MPs say many benefit claimants wrongly lose benefits due to ‘haphazard' approach to assessment
- 28 Jan
A critical report published by a committee of MPs says that jobcentre staff should no longer be given incentives that look at how many benefit claimants they get off the dole, but instead should look at rewarding staff by how many they get back into employment.
The work and pensions select committee have said that claimants were in many cases wrongly losing their benefits due to a "haphazard" approach of assessing claimants meaning that individual needs or problems were often misunderstood. Their report claims that jobcentre staff refer many claimants for a benefit sanction inappropriately or "in circumstances in which common sense would dictate that discretion should have been applied", reports the Guardian.
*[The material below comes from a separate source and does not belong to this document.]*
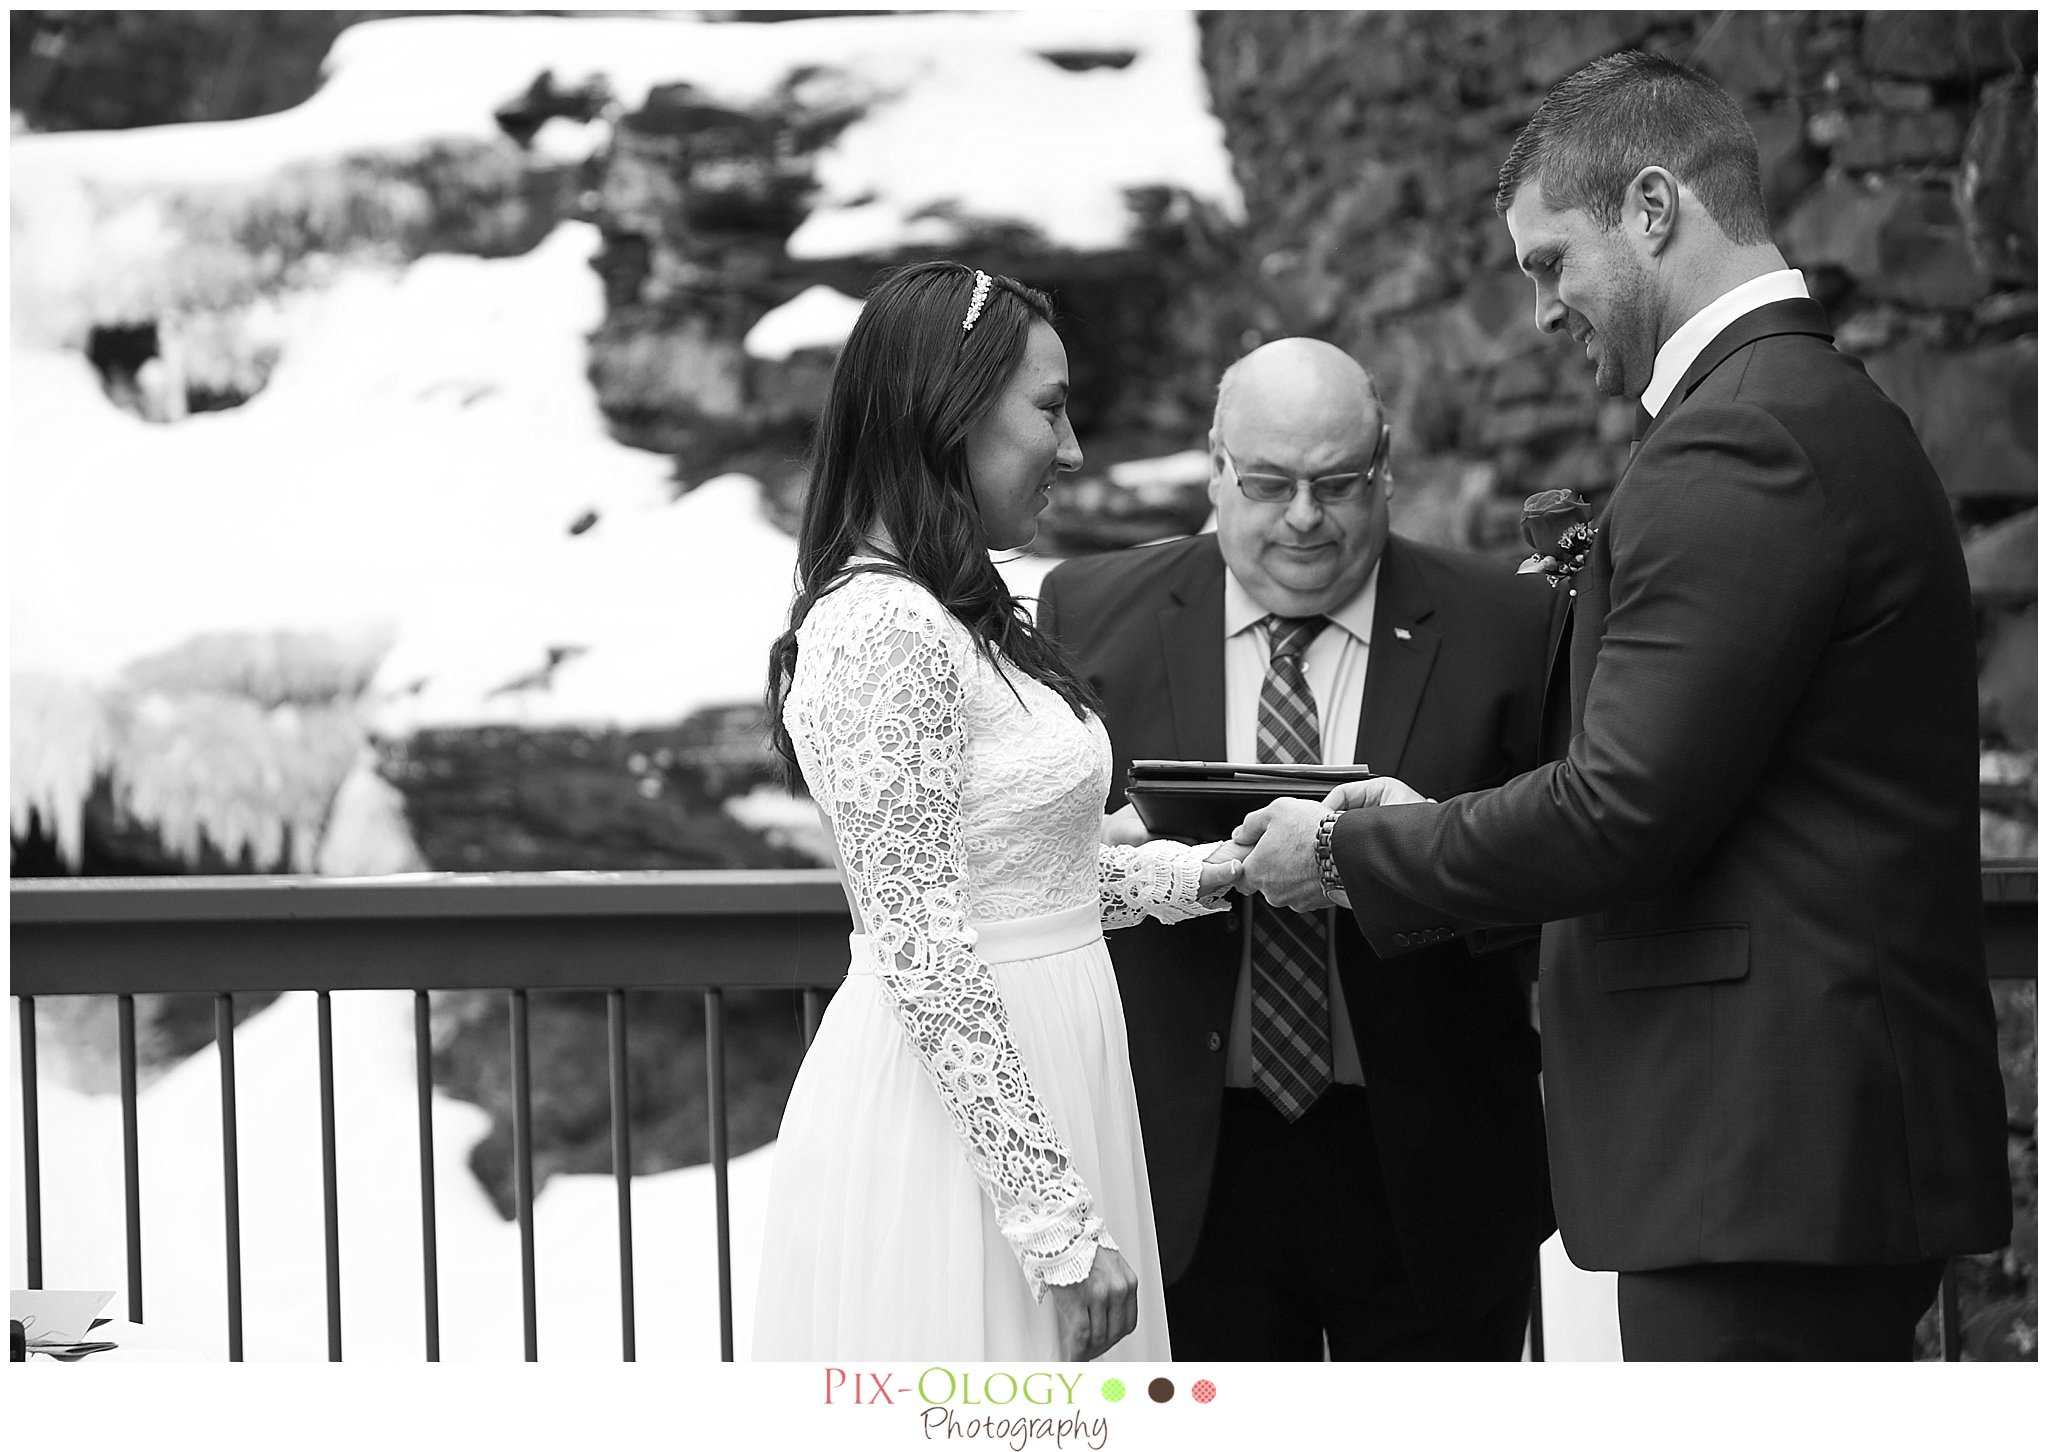 pix-ology photography wedding bride and groom winter wedding ledges hotel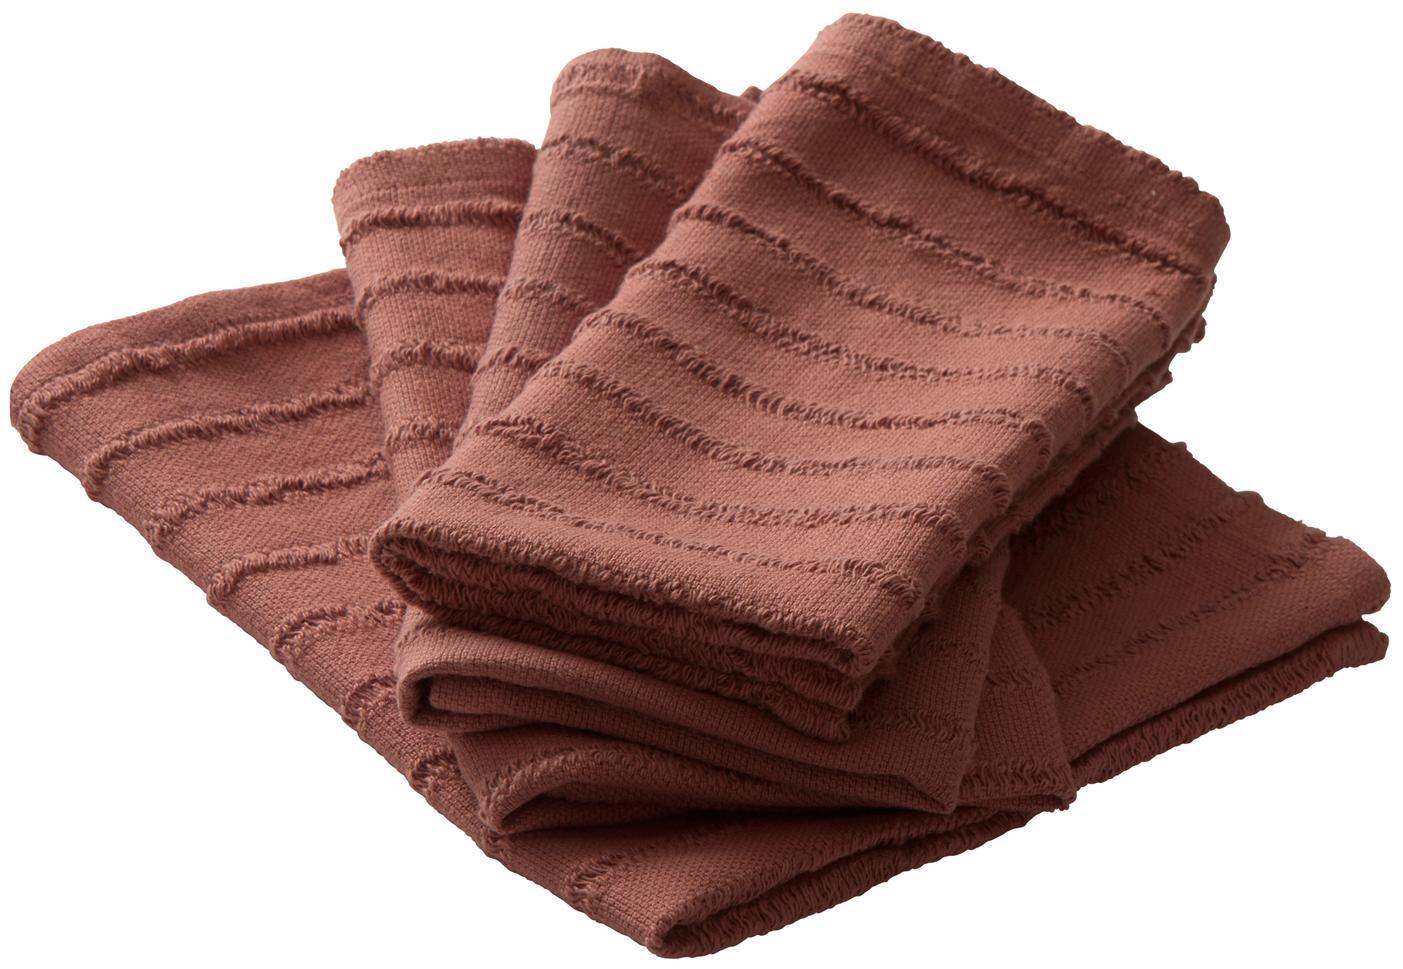 Servilletas de algodón Loveli, 4uds., Algodón, Rojo terracota, An 42 x L 42 cm

The committee also said that the DWP need to take urgent steps to monitor the extent of financial hardship that is caused by claimants losing their benefits. The report also added that a current government review into sanctions was too limited.
Academic research in the report found that 19% of all jobseeker's allowance claimants in the period from April 2008 to March 2012 were sanctioned - this totals 1.4 million people.
The committee challenged claims by DWP ministers that staff were not disciplined for failing to meet targets to get claimants off the dole whilst asking if it is sensible for jobcentre staff to be regarded as having succeeded if jobseeker's allowance claimants simply no longer received benefits.
The committee chairwoman, Dame Ann Begg, said the current DWP incentive system took no account of whether the claimant was "leaving benefit to start a job or for less positive reasons, including being sanctioned or simply transferring to another benefit. We believe this risks JCP [Jobcentre Plus] hitting its targets but missing the point. JCP must be very clearly incentivised to get people into work, not just off benefits." She said: "The processes by which JCP currently establishes claimants' needs are haphazard and prone to missing crucial information about a person's barriers to working, including homelessness and drug dependency. A more thorough and systematic approach to assessing claimants' needs is required."
The MPs on the committee said they "strongly believe that a further review is necessary and welcome the minister's commitment to launch a second and separate review into the broader operation of the sanctioning process".
Begg said: "An unprecedented number of claimants were sanctioned in the year to June 2013. Whilst conditionality is a necessary part of the benefit system, jobseekers need to have confidence that the sanctioning regime is being applied appropriately, fairly and proportionately and the government needs to assure itself that sanctioning is achieving its intended objective of incentivising people to seek work."